Er räusperte sich nach langem Schweigen. «Ich weiß nicht, ob Sie das wissen, aber ich setze mich nun schon seit einigen Jahren gegen die Ausbeutung von Frauen ein. Mit größter Wahrscheinlichkeit hat sich das nicht gerade positiv auf meine Karriere ausgewirkt. Dass wir keinen Schritt weitergekommen sind, ist nur schwer zu akzeptieren. Einige der Frauen auf der Straße sind fast noch Kinder. Ich denke an ihre Familien. Haben Sie Kinder?»
«Ich bin schwanger.»
«Herzlichen Glückwunsch. Wenn Sie mich fragen: Kinder sind ein Segen. Ich will Ihnen jetzt keine Angst machen, aber die Elternschaft bringt eine neue Verantwortung mit sich. Eine, die immer bleibt. Auch wenn die Kinder erwachsen sind.

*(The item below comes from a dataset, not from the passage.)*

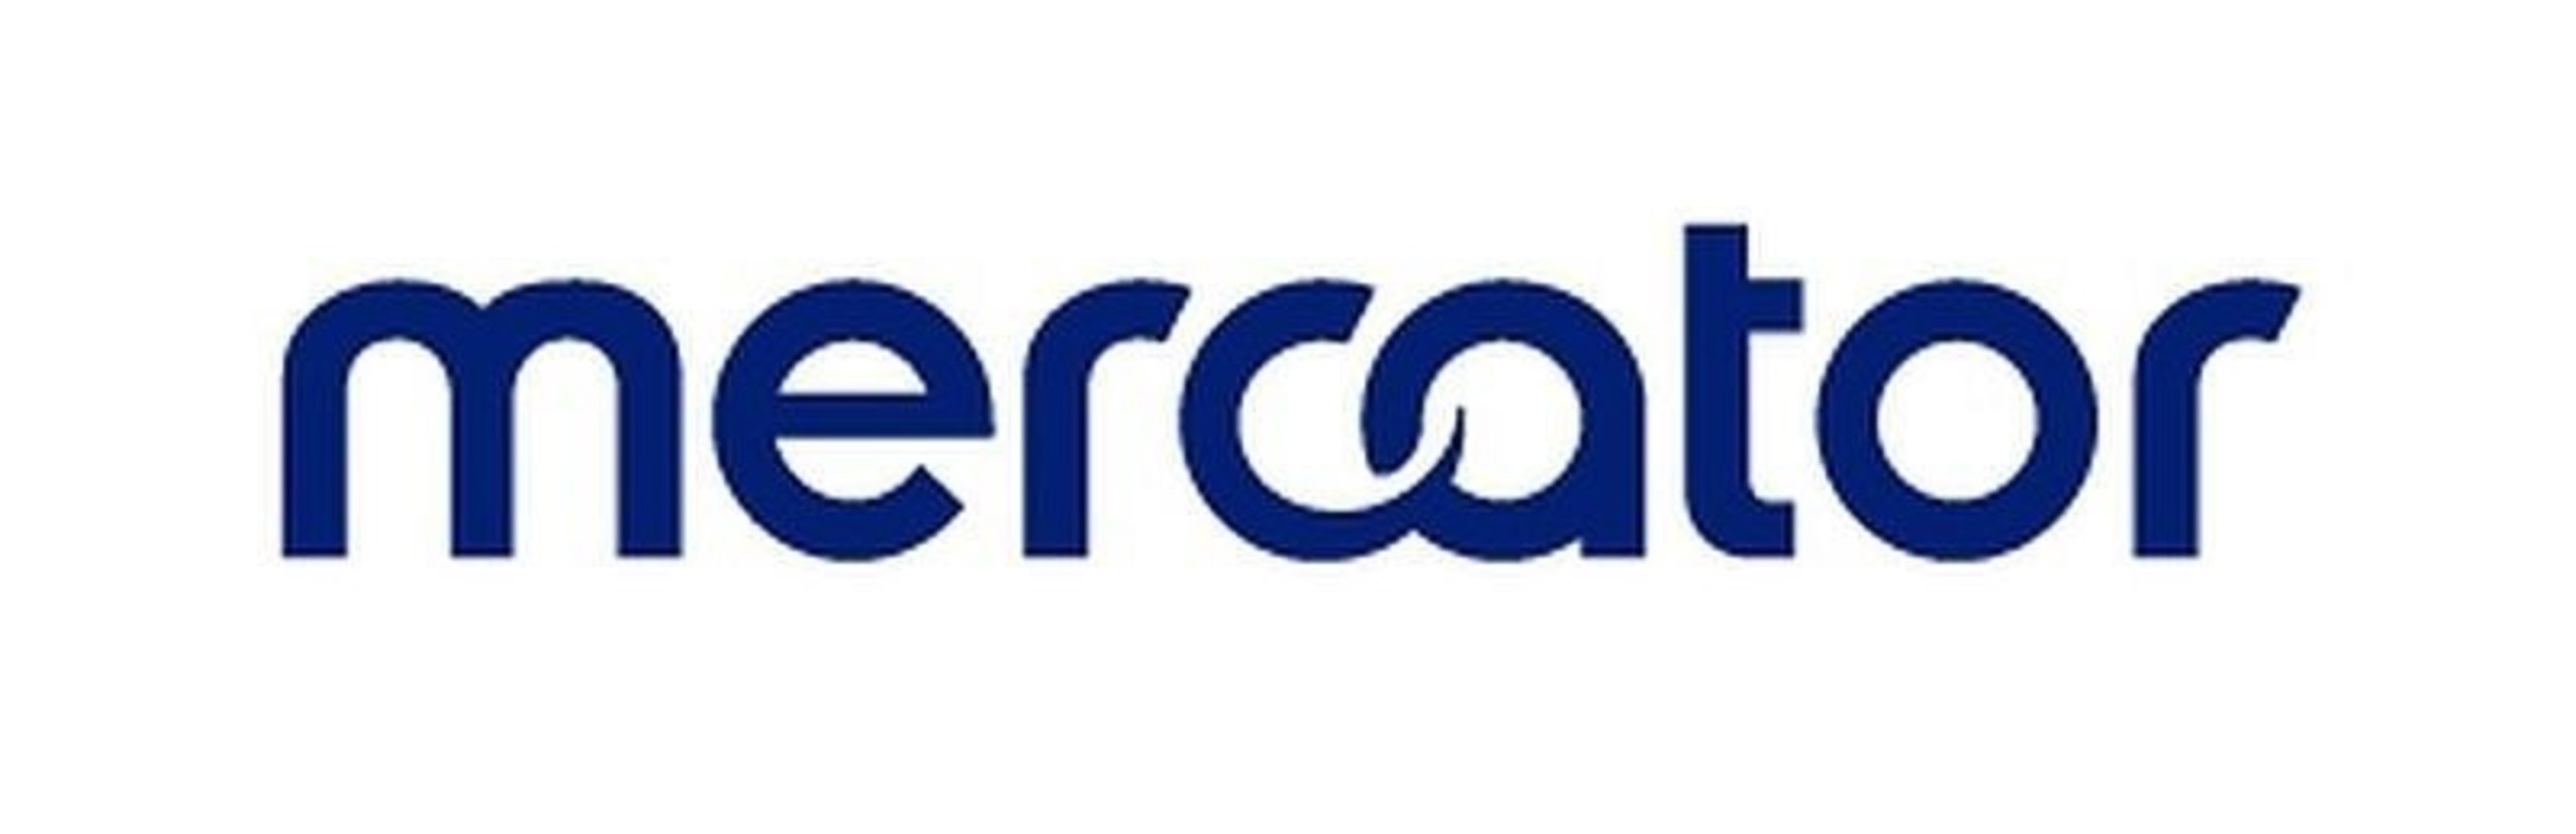 Mercator logo (PRNewsFoto/Mercator) (PRNewsFoto/Mercator)

Darf ich ein bisschen privat werden?»
«Natürlich.»
«Ich habe eine Tochter. Sie ist fast vierundzwanzig und wohnt in Dublin. Dort hat sie einen Mann kennengelernt, der fast zehn Jahre älter ist als sie. Sie ist mit ihm verlobt, und ich bin ihm noch nicht ein Mal begegnet.»
«Sie hat sich bestimmt den Richtigen ausgesucht.»
«Sie schreibt, dass er Lorcan heißt. Wenn ich anrufe, ist sie nie zu erreichen.» Er seufzte. «Wie auch immer. Sie ist eine erwachsene Frau, aber für mich bleibt sie immer mein kleines Mädchen.»
«Ich verstehe. So ist das vermutlich bei allen.»